The NVIDIA L40S GPU is a powerful solution for NVIDIA Omniverse and 3D content creation, offering exceptional performance and versatility in data center environments. Built on the Ada Lovelace architecture, it features third-generation RT cores for enhanced real-time ray tracing and fourth-generation Tensor Cores that support AI-driven features, significantly improving the quality and speed of 3D workflows. As the engine of NVIDIA Omniverse in the data center, the L40S delivers stunning real-time ray tracing and AI-accelerated capabilities, making it ideal for extended reality (XR) and virtual production tasks. With 48GB of GDDR6 memory, it can handle complex 3D models, high-resolution textures, and large-scale simulations with ease, enabling creative professionals to work on intricate designs and render photorealistic scenes more efficiently. The L40S’s support for Universal Scene Description (OpenUSD)-based 3D workflows within the Omniverse ecosystem enhances collaboration and streamlines production pipelines. Its performance in Omniverse applications is described as „stunning,” positioning it as a top-tier solution for organizations looking to leverage cutting-edge technologies in virtual world creation, 3D visualization, and immersive content production.
The NVIDIA L40S graphics processor is a powerful GPU designed for NVIDIA Omniverse and 3D content creation, offering exceptional performance and versatility in data center environments.
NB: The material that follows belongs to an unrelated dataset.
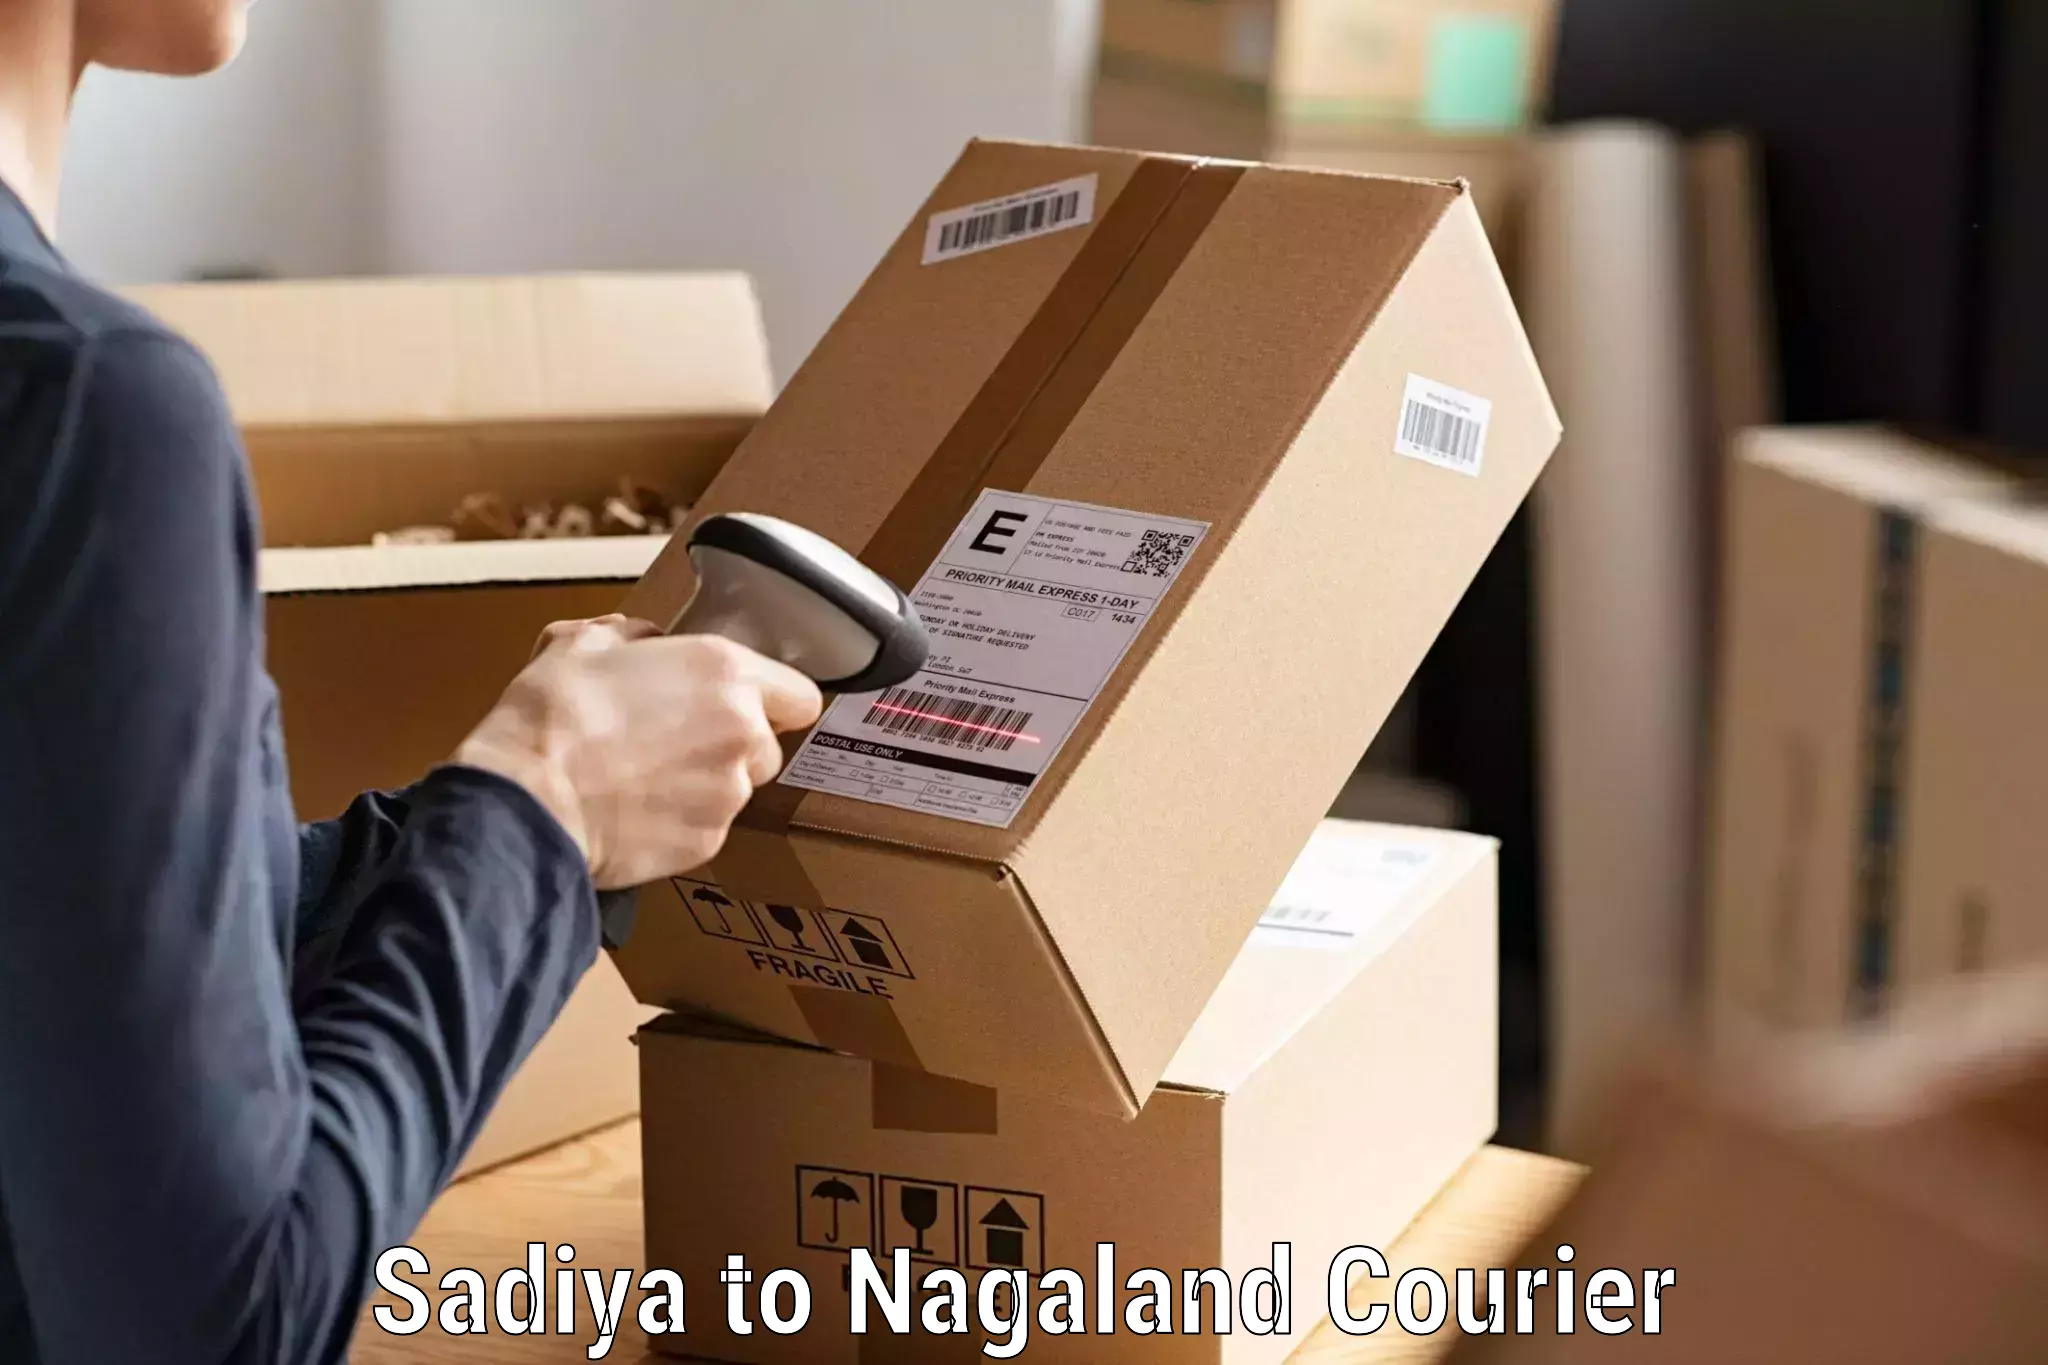 Advanced tracking systems Sadiya to NIT Nagaland

Built on the Ada Lovelace architecture, it features third-generation RT Cores for enhanced real-time ray tracing and fourth-generation Tensor Cores that support AI-based features, significantly improving the quality and speed of 3D workflows.
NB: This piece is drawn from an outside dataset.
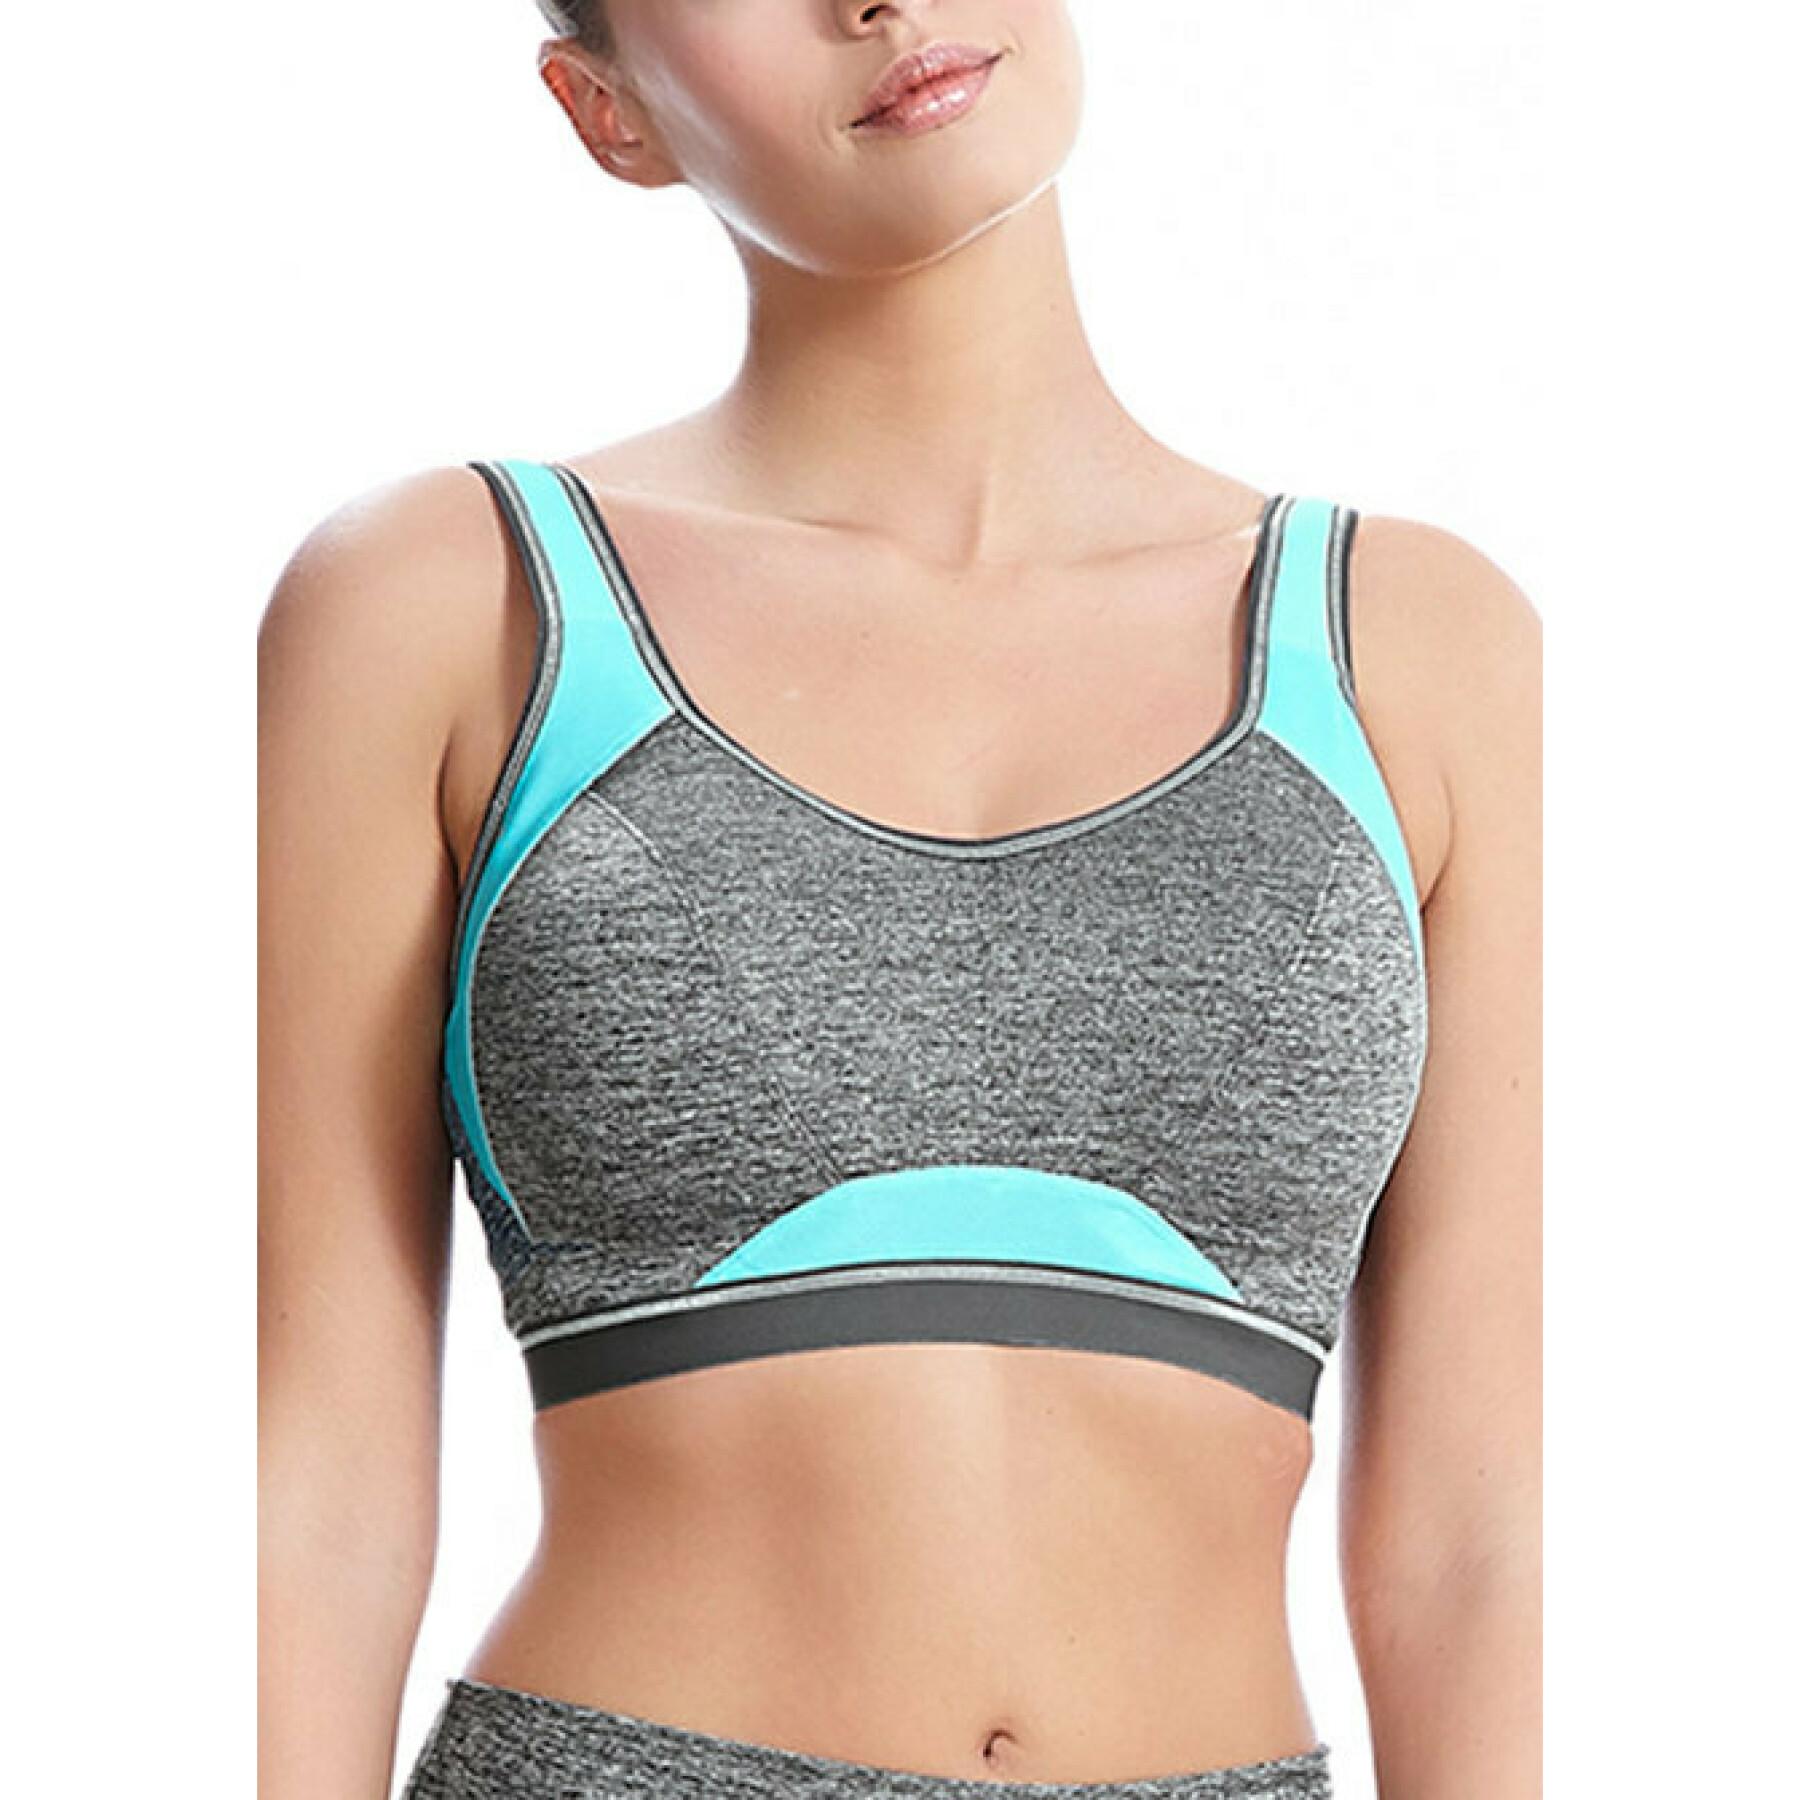 Women's bra Freya Epic Carbon SG - Bras & Underwear - Women's Sportswear -  Sport

As a key engine for NVIDIA Omniverse in the data center, the L40S delivers stunning real-time ray tracing and AI acceleration capabilities, making it ideal for tasks in extended reality (XR) and virtual production. With 48 GB of GDDR6 memory, it easily handles complex 3D models, high-resolution textures, and large-scale simulations, allowing creative professionals to work on intricate projects and efficiently render photorealistic scenes.
Support for 3D workflows based on Universal Scene Description (OpenUSD) within the Omniverse ecosystem facilitates collaboration and streamlines production processes. Its performance in Omniverse applications is described as “stunning,” positioning it as a top-tier solution for organizations looking to leverage cutting-edge technologies for creating virtual environments, 3D visualizations, and immersive content production.
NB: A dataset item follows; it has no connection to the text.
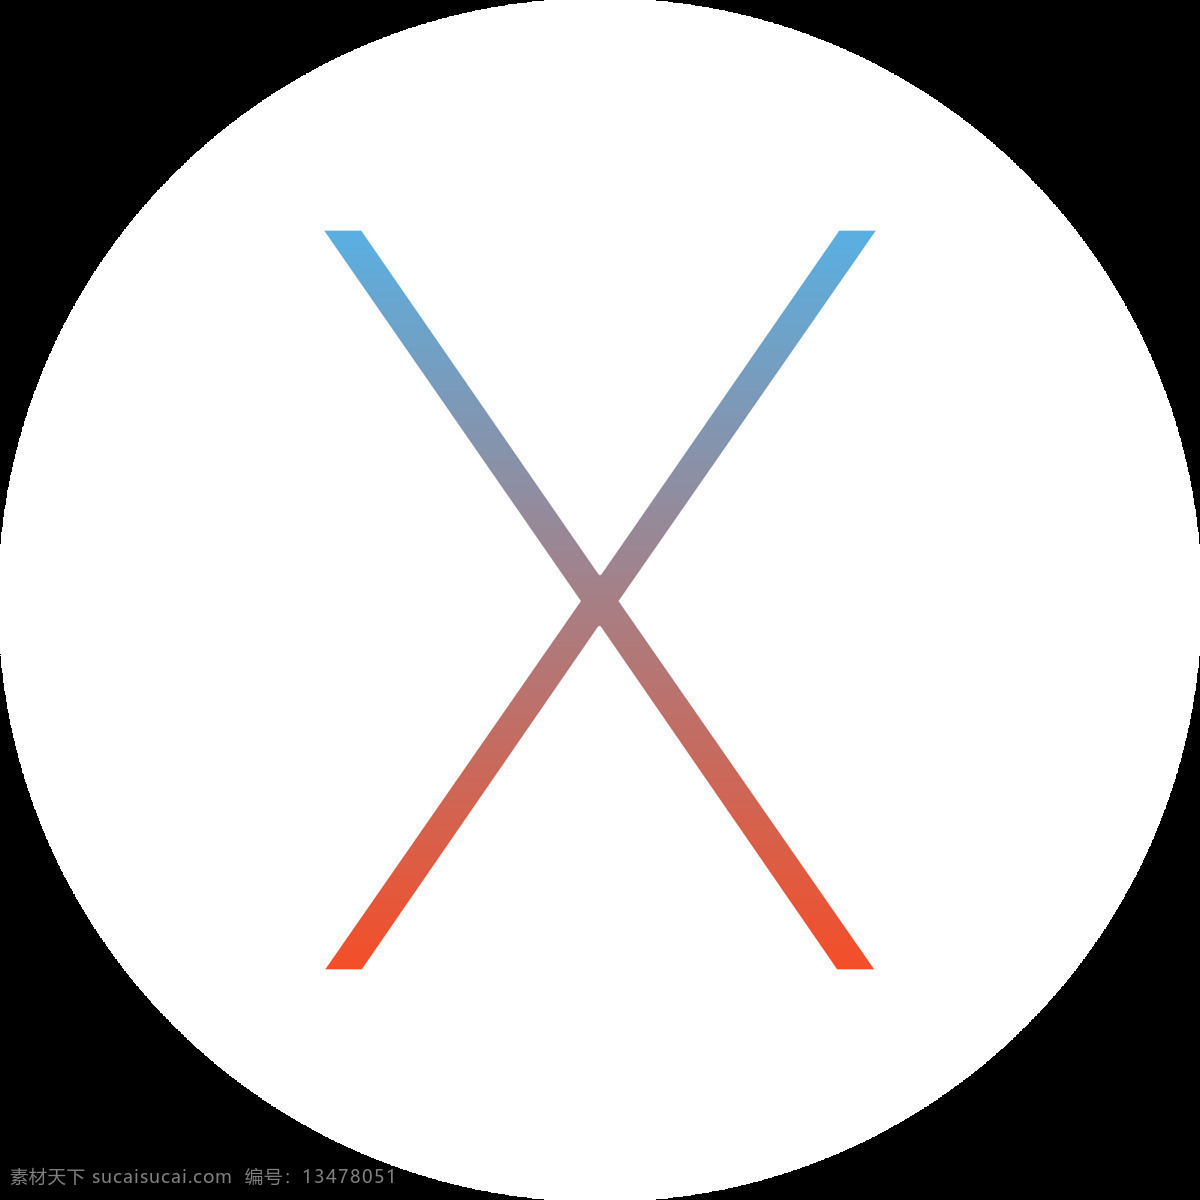 mac 圆形 图标 免 抠 透明 图 层 苹果系统图标 苹果 电脑 系统 苹果电脑系统 os x图标 x元素

The NVIDIA L40S graphics processor is a powerful solution for AI training and inference workloads, offering exceptional performance and versatility in data center environments. Built on the Ada Lovelace architecture, it features 18,176 CUDA cores and 568 fourth-generation Tensor Cores, providing up to 5 times better single-precision floating-point (FP32) performance compared to the A100. Its advanced transformer engine intelligently manages precision between FP8 and FP16, significantly enhancing AI performance for both training and inference of transformer-based models.
With 48 GB of GDDR6 memory, the L40S can effectively handle complex AI tasks and large language models. For AI training, eight L40S GPUs in a primary server allow for an 0.8x performance increase compared to an 8-GPU A100 system for MLPerf models. In inference tasks, the L40S demonstrates impressive capabilities, often matching or exceeding the performance of the A100 across various MLPerf benchmarks.
This makes the L40S particularly well-suited for deploying and running sophisticated AI models in production environments, providing organizations with an efficient and powerful solution for their AI workloads.
The NVIDIA L40S graphics processor offers exceptional capabilities for graphical and visualization workloads, making it a powerful solution for professional applications in fields such as Computer-Aided Design (CAD), virtual production, and scientific visualization. Built on the Ada Lovelace architecture, it features third-generation RT Cores that significantly enhance real-time ray tracing performance, delivering stunning visual fidelity and photorealistic rendering.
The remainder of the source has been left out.